Безусловно, существуют еврейские древние тексты, но, если позволите, я выскажу свое мнение: дело, мне кажется, совершенно не в них. Мне очень понравилось, как вы описали своих дядюшек с материнской стороны — Моисей, Намин… Я прямо-таки вижу этих подлинных-подлинных евреев, одетых в черное, степенно выпивающих по рюмочке анисовой, прощаясь с субботой. Обрисованный несколькими штрихами, портрет их необычайно привлекателен. «Бог Авраама, Исаака и Иакова», а вовсе не философов и ученых»[83]. И меня привел к Паскалю «Мемориал», ослепительная вспышка поэзии, неожиданная для французской литературы того времени.
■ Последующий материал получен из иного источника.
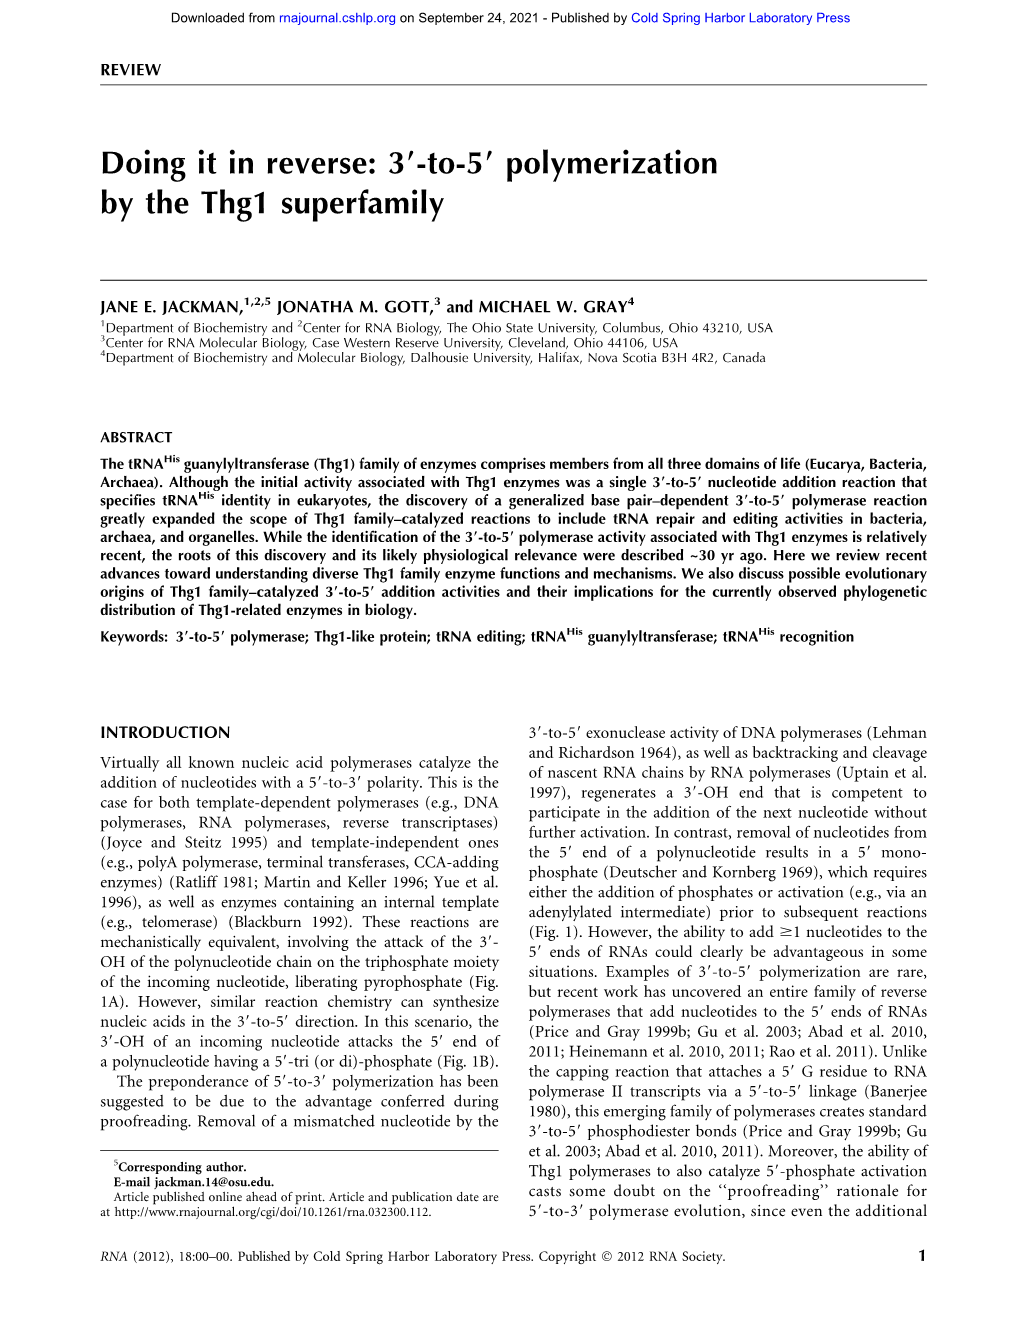 39-To-59 Polymerization by the Thg1 Superfamily

Это как у Достоевского: «Одно прекрасное воспоминание детства, и вы спасены»[84]. Но вы должны понять, что у меня-то от детства не осталось ни одного прекрасного воспоминания. Вы правы, говоря, что Франция куда более религиозная страна, чем кажется. В некоторых уголках (Бретань тому яркий пример) достаточно чуть копнуть, и вы окажетесь на католической почве. Другие места, например Бургундия или юго-запад, давно и основательно изжили христианство. К тому же Церкви так и не удалось (по моему мнению, поэтому ее в конце концов и постигла неудача) вернуть доверие пролетариата. В мой последний приезд в Париж я случайно оказался возле церквушки в Шестом округе, той самой, где проповедовали Фредерик Озанам и Жан-Батист-Анри Лакордер. Может быть, они единственные поняли, что, если Церковь не разорвет противоестественный союз с буржуазией и хозяевами, если ей не удастся сблизиться с рабочим классом, она обречена на гибель. И они пытались что-то сделать, проповедовали в пустыне и потерпели фиаско. Церковь в конце концов очнулась от долгого сна, но было уже слишком поздно.
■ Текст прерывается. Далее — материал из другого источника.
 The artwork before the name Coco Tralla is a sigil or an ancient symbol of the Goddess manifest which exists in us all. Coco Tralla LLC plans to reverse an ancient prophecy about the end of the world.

Однако вернемся к моему детству. Сколько бы я ни смотрел и так и этак на свою семью, как бы долго и пристально в нее ни вглядывался, я не находил ничего похожего на религиозные традиции. Скорее, если хотите, я увидел что-то похожее на веру в коммунизм. Мне приходилось читать в газетах, что меня «воспитали дедушка и бабушка коммунисты». Это так и не так. Ни мой дедушка, ни моя бабушка не читали ни Маркса, ни Ленина, ни каких-либо других коммунистов. Они и Мориса Тореза не читали, и я не уверен, что когда-нибудь заглядывали в предвыборную программу коммунистической партии. Но они голосовали за коммунистов, это уж точно, всегда, год за годом, и думаю, не могли бы голосовать иначе. Их выбор был, в самом точном значении слова, классовым.
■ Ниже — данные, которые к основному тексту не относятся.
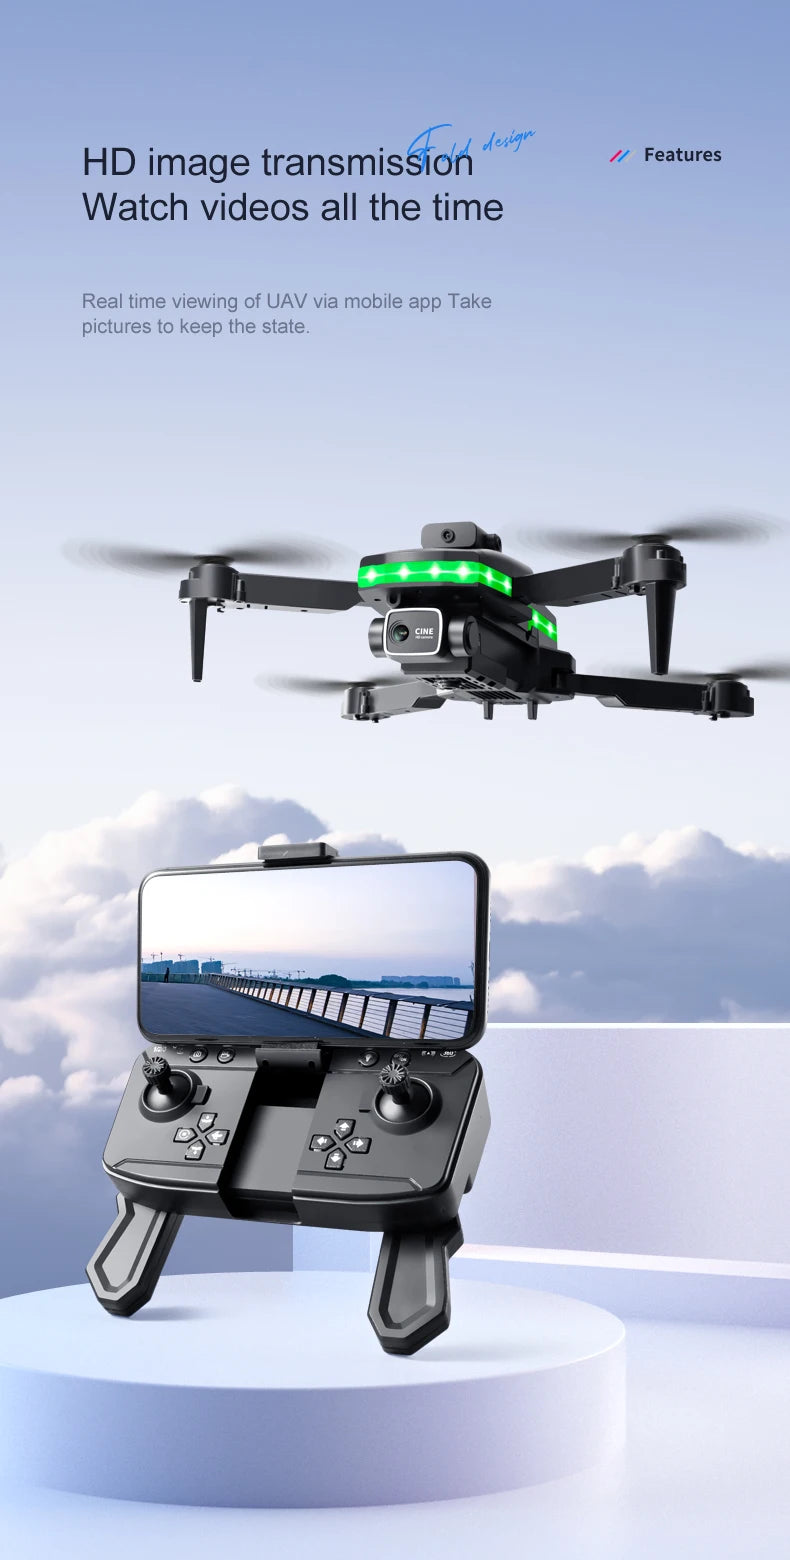 S160 Mini Drone, desigr hd image transmission features watch videos all the time

Но вера, не питаемая личной прочувствованной связью с доктриной, неустойчива, и как только мой отец разбогател и утратил связь со своим классом, он вмиг утратил и эту веру. Не помню, чтобы он когда-нибудь искренне и всерьез заинтересовался хоть одной политической проблемой. Пугает то, что на моем примере мы видим отъявленного атеиста во втором поколении — атеиста не только религиозного, но и политического. На этой стадии атеизм безрадостен, лишен героизма, ни от чего не освобождает. В нем нет даже антиклерикализма, боевой ныл угас окончательно и бесповоротно. Он холоден, безнадежен и проживается как чистейшее бессилие, белый туман, в котором передвигаешься с трудом, как зима без конца и без края.

Изнурительно чувствовать себя организмом, чьи функции тебя только изнашивают.

Никакой «дионисийский смех» не сопровождает этот печальный путь. Философия Ницше кажется мне сегодня бессмысленной провокацией, шуткой дурного тона.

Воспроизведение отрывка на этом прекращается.